I went to the window and looked out into the dark, narrow space between the buildings. It was so empty, so devoid of light.

‘I'm sorry,' I said. Though what I was sorry for I didn't know.

That day I told her about my first year at university – about my
madness,
as I called it. I told her about my anger, my illogical fury at receiving a high distinction for my essay. I told her about Molly's accident and how it had been
all my fault
. I told her about my father's defection from the family, but not about falling in love with Morgan.

And then I told her about ‘The Tablets' that had worked such wonders, and made me not care about anything at all.

She looked at me rather dubiously.

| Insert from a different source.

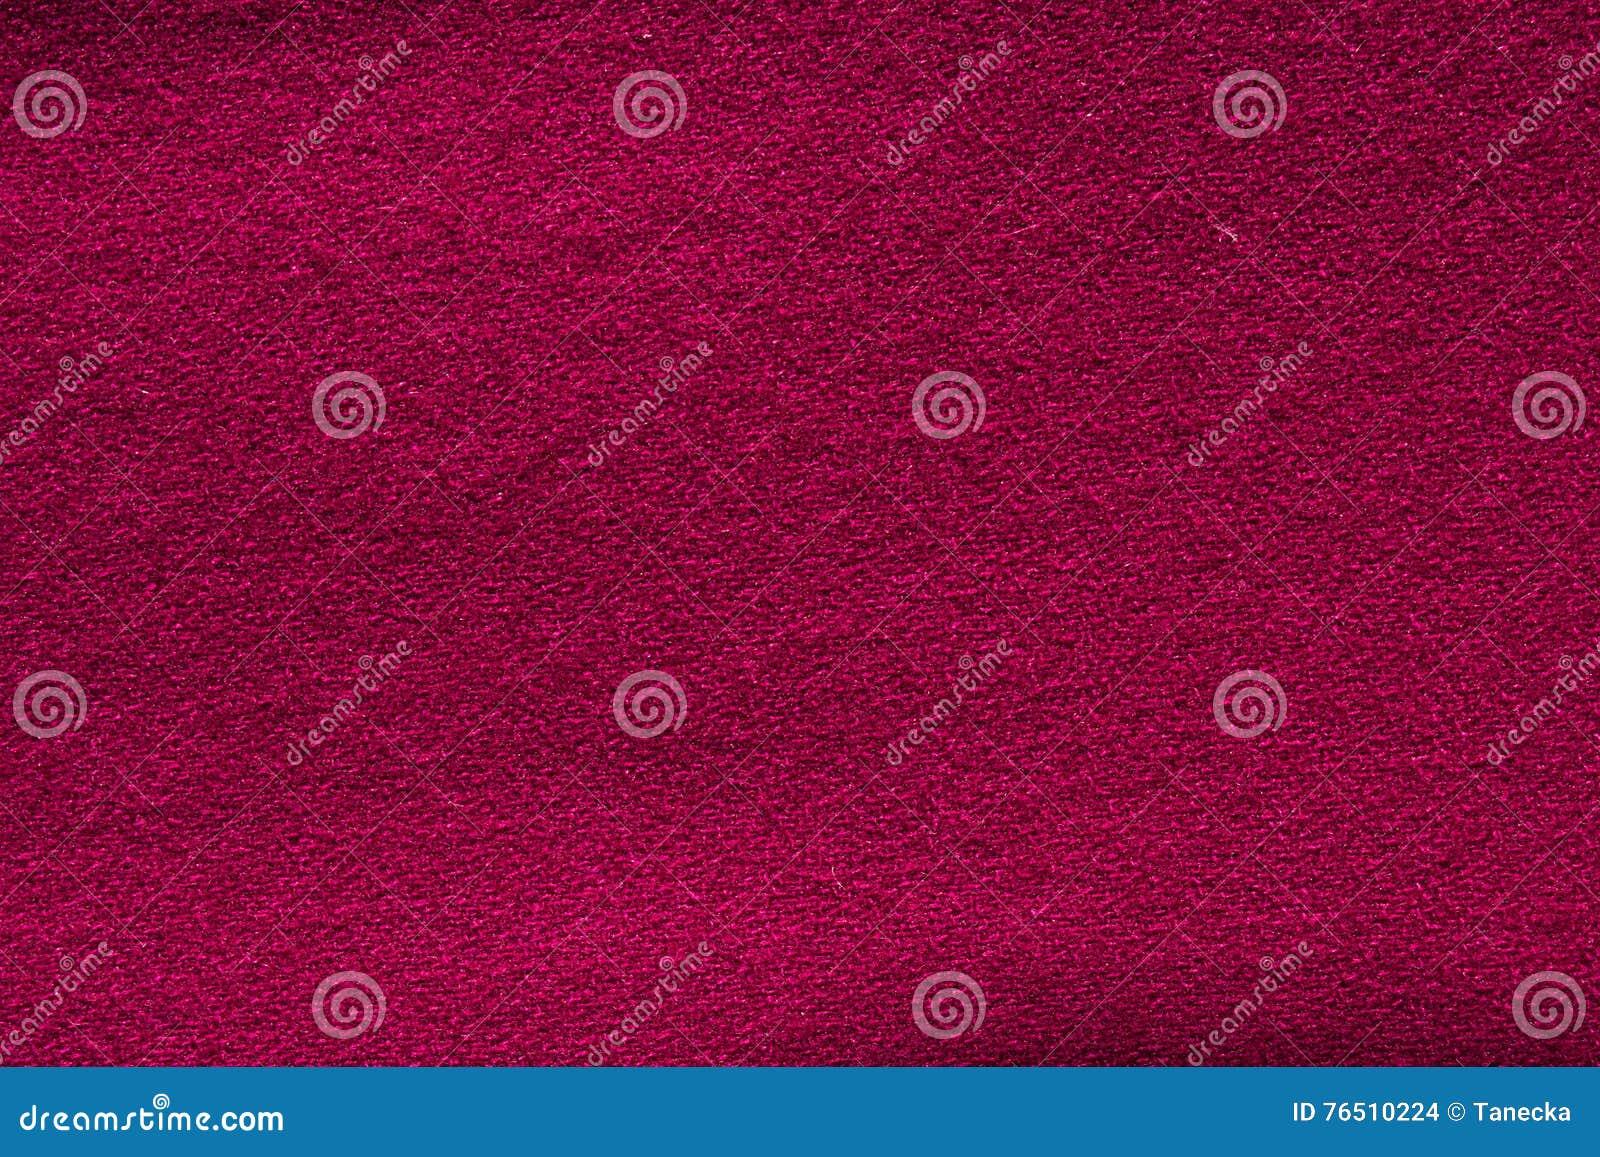 Close up crimson woollen knitted fabric texture. Loden background

I'd suspected that she would, which was why I'd not said anything before.

She said, 'Don't people get addicted to those things?'

‘Well, I didn't,' I said, defensively. ‘I think they helped me a lot. They helped me to think clearly and rationally again. They got rid of all the static in my head.'

I teetered on the edge of hostility.

We looked at each other. Neither of us could think what to say. It was like some sort of standoff. I wondered if we could ever make each other happy again.